The effective performance of these sponge plates in animal models served as a starting point for further research aimed at expanding the range of wound dressings. The coatings described in [
22] are water-saturated sponge plates with biocidal properties, allowing them to be stored and applied without additional sterilization when kept in distilled water. However, in their dried state, they form brittle films that are inconvenient for storage. In contrast, elastic films with a three-dimensional structure, which transform into hydrogels upon contact with water, are significantly more practical for clinical use [
23,
24].
The purpose of this work (1) is to create elastic films with a three-dimensional structure based on cod collagen, pectin, and PMMA copolymers synthesized via heterogeneous photocatalysis in an aqueous dispersion of the complex oxide RbTe1.5W0.5O6 under visible light irradiation, and (2) to evaluate their effectiveness in healing burn surfaces in small animals.
2. Materials and Methods
2.1. Materials
Commercial reagents were used: apple pectin (Xlebzernoprodukt, Taganrog, Russia), acetic acid (pure for analysis, Lega, Dzerzhinsk, Russia), sodium hydroxide (pure for analysis, Reahim, Moscow, Russia), and glycerin (pure for analysis, Vecos, Nizhniy Novgorod, Russia). MMA (pure for analysis, Sigma Aldrich, St. Louis, MI, USA) was pre-purified from the stabilizer by sequential washing with a sodium hydroxide solution and cold water until a neutral pH was reached; it was then dried over anhydrous calcium chloride and distilled under reduced pressure. The RbTe
1.5W
0.5O
6 photocatalyst was synthesized via the solid-state method [
25]. Collagen was isolated by acetic acid extraction for 24 h at room temperature, according to the procedure described in [
26]. The resulting acetic acid dispersion was dried to a constant weight in a vacuum (1.33 Pa) at 50 °C.

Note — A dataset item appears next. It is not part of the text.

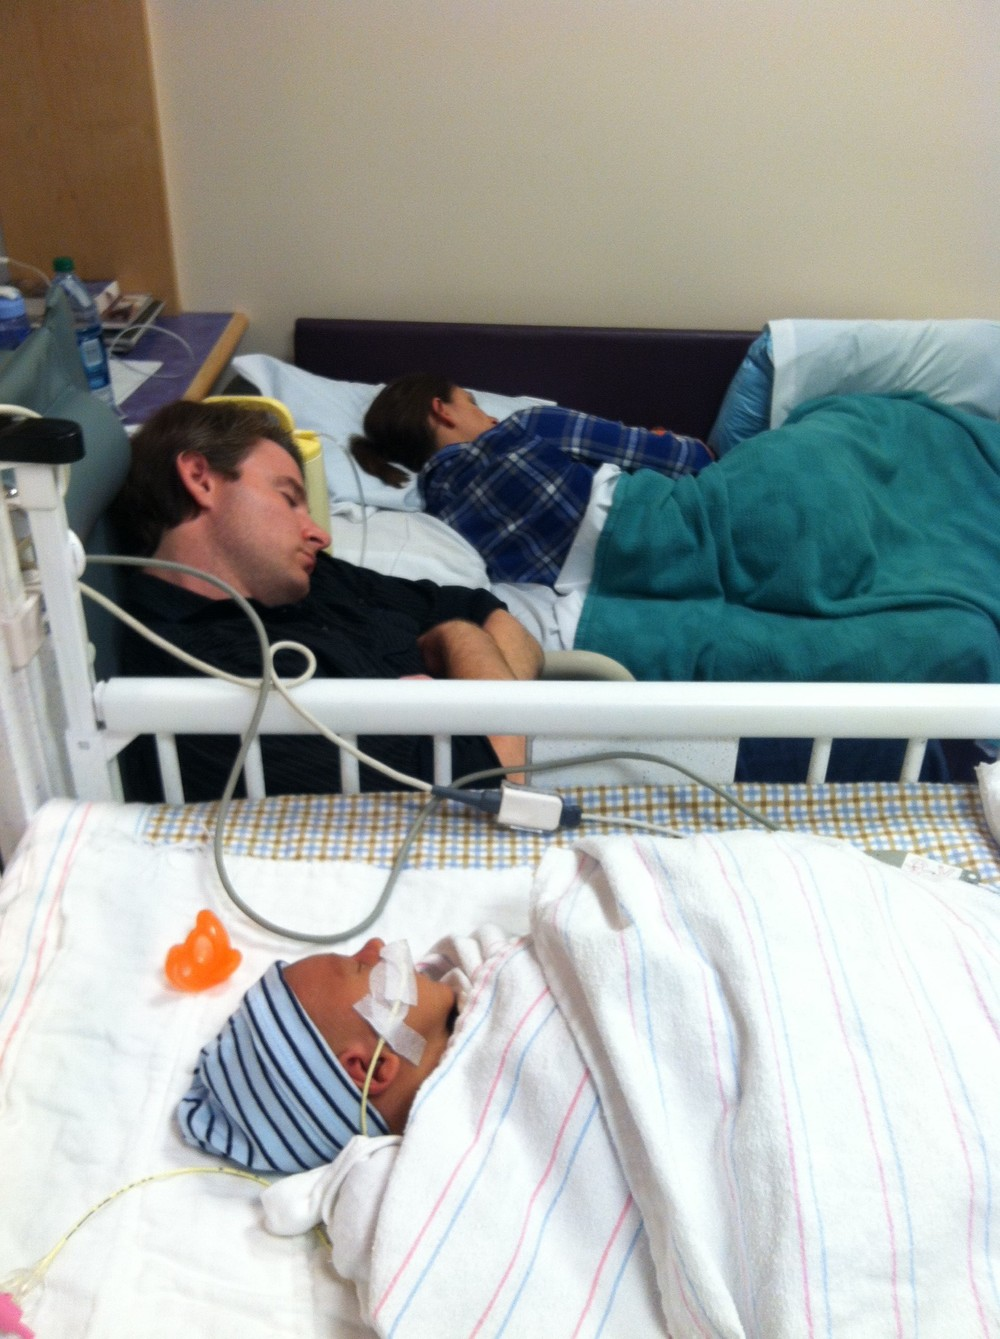 hospital snooze mybwsbaby.com
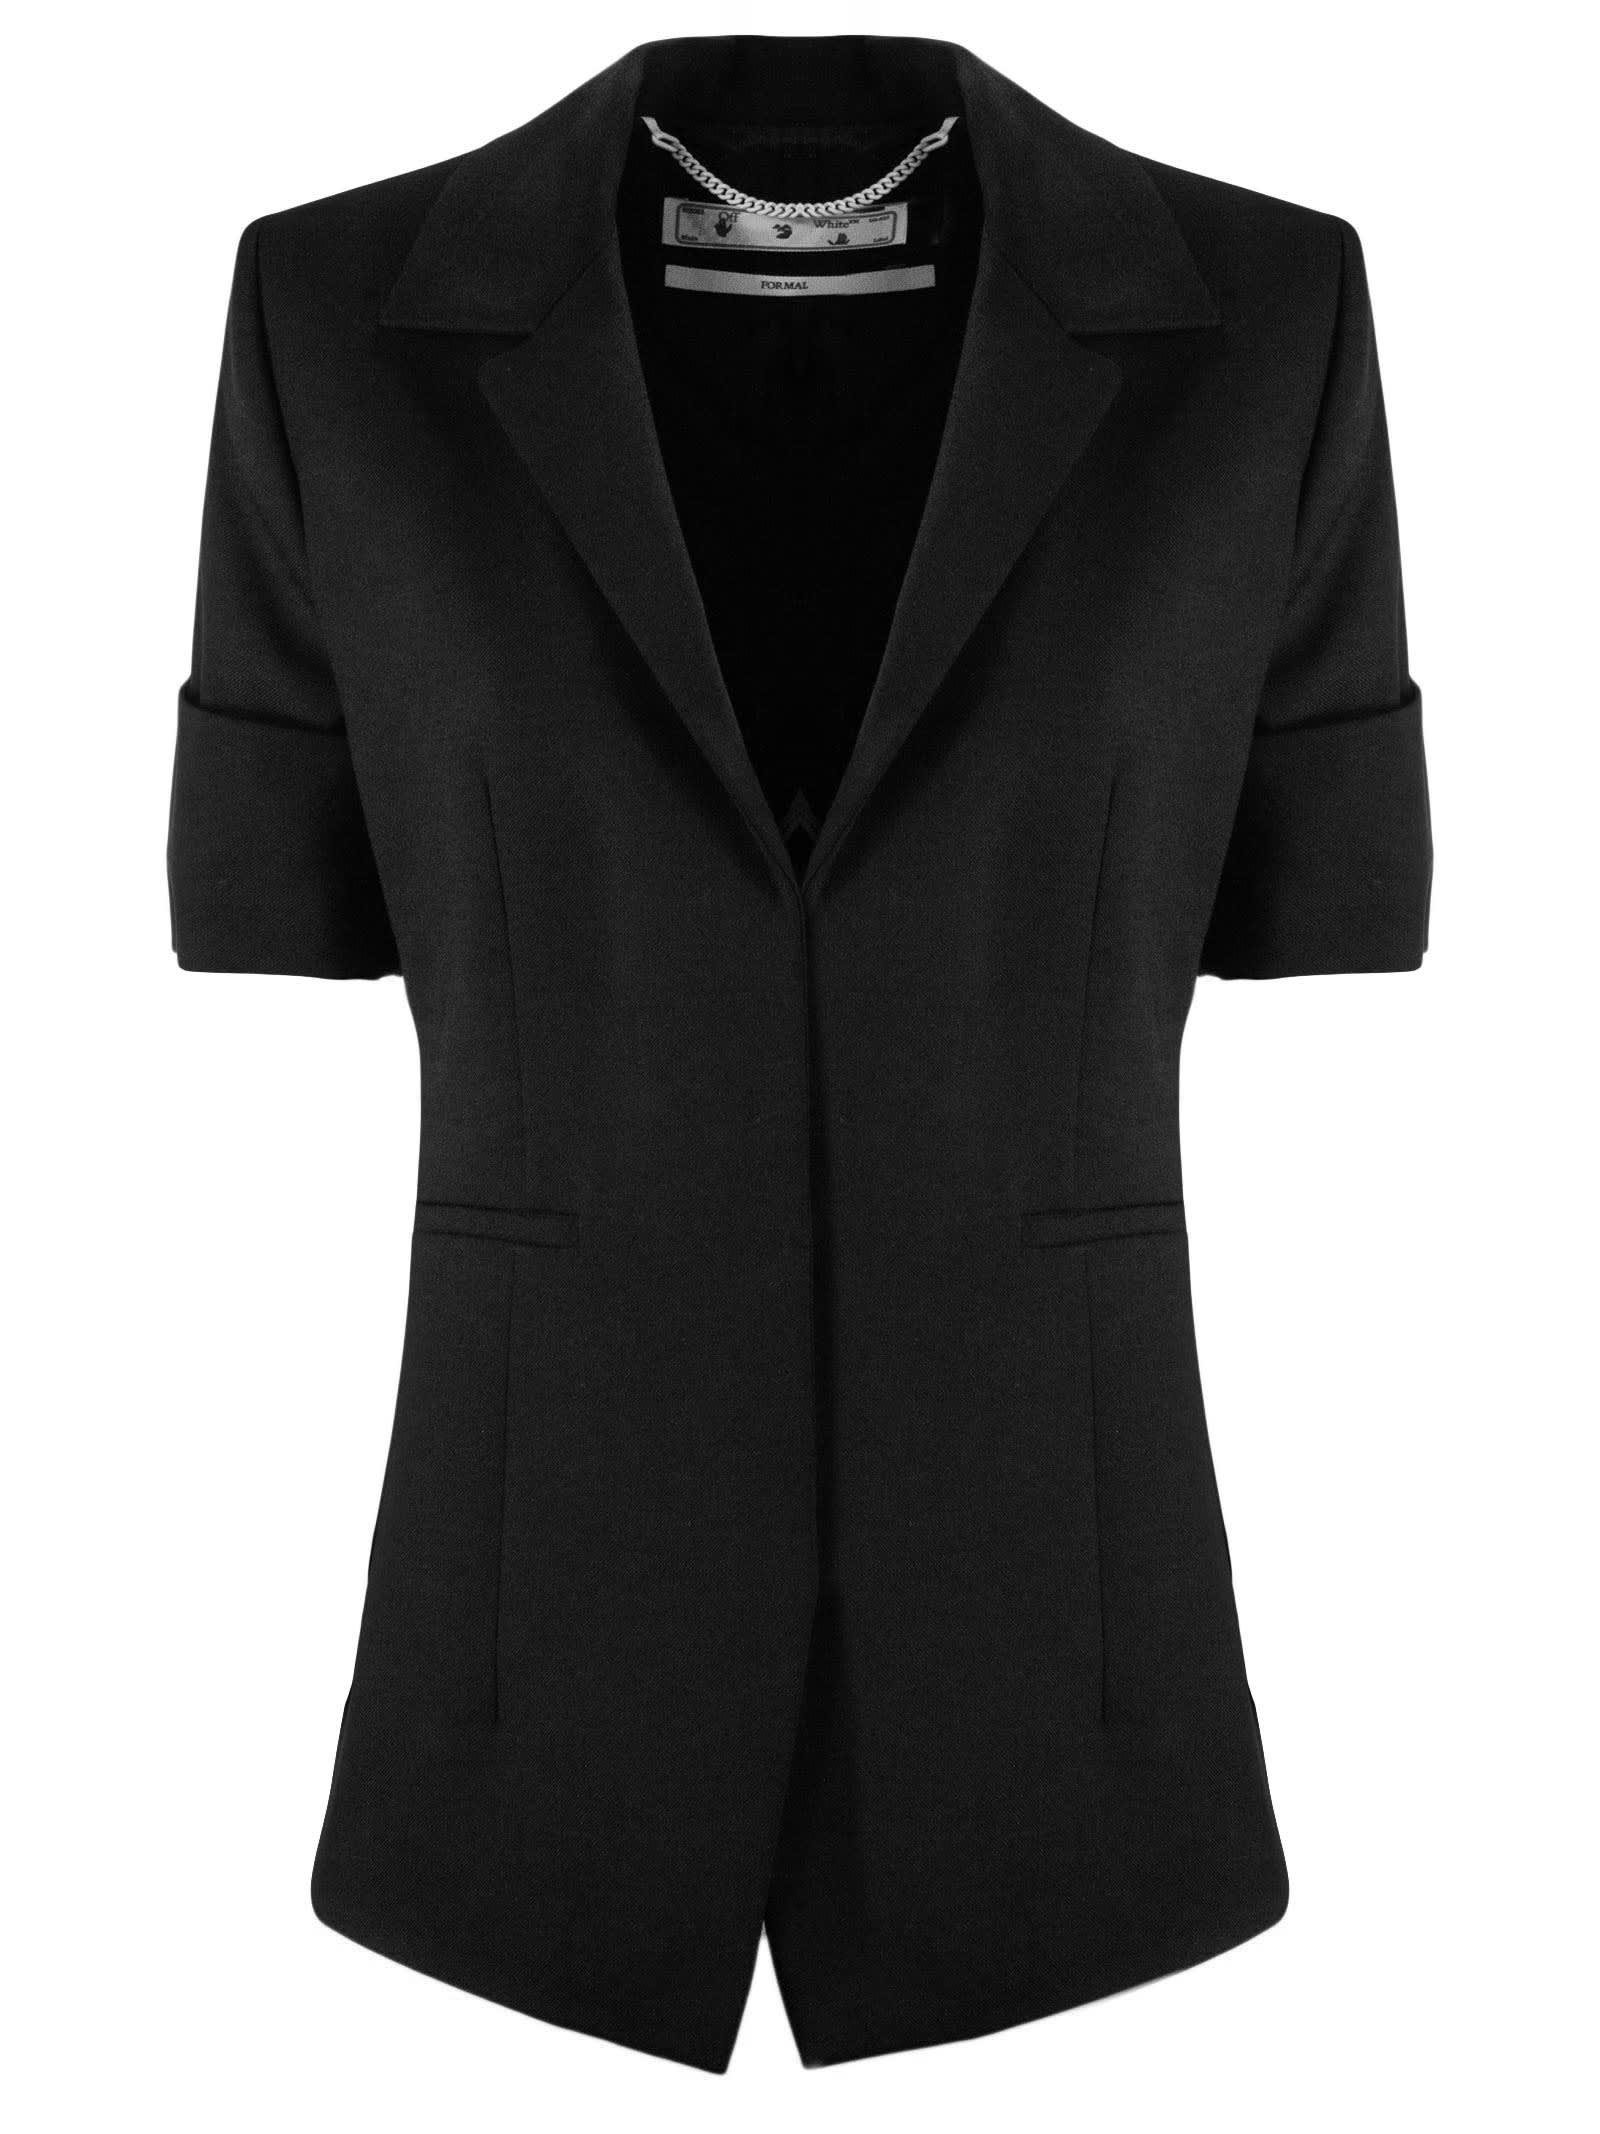 Off-White Black Virgin Wool Sailor Jacket

2.2. Synthesis and Drying of the Copolymer
Pectin and collagen were dissolved in water at a 50:50 ratio at 45 °C under stirring. The RbTe
1.5W
0.5O
6 catalyst (λ = 400–700 nm) in a catalyst:solution ratio of 1:170 of the initial components, the pectin-collagen solution, and MMA were transferred into a flat-bottomed conical flask with a side neck, and the required amount of water was added. Prior to synthesis, the solution was bubbled with argon for 15 min. The synthesis was carried out under the influence of two LED daylight lamps (power 30 W, radiation 400–600 nm,
Figure 1) with argon purging and constant magnetic stirring for 4 h. After the synthesis, the catalyst was separated by centrifugation at 5000 rpm for 30 min on a RHON-6000E laboratory centrifuge (Redhon, Saint-Petersburg, Russia). The polymer was dried under vacuum (1.33 Pa) to a constant weight at 40 °C.
2.3. Elemental Microanalysis (CHNS Analysis)
The elemental composition of the pectin was determined using a Vario EL cube universal elemental analyzer with simultaneous determination of CHNS (Elementar Analysensysteme GmbH, Langenselbold, Germany).
2.4. Sample Preparation for a Scanning Electron Microscope (SEM)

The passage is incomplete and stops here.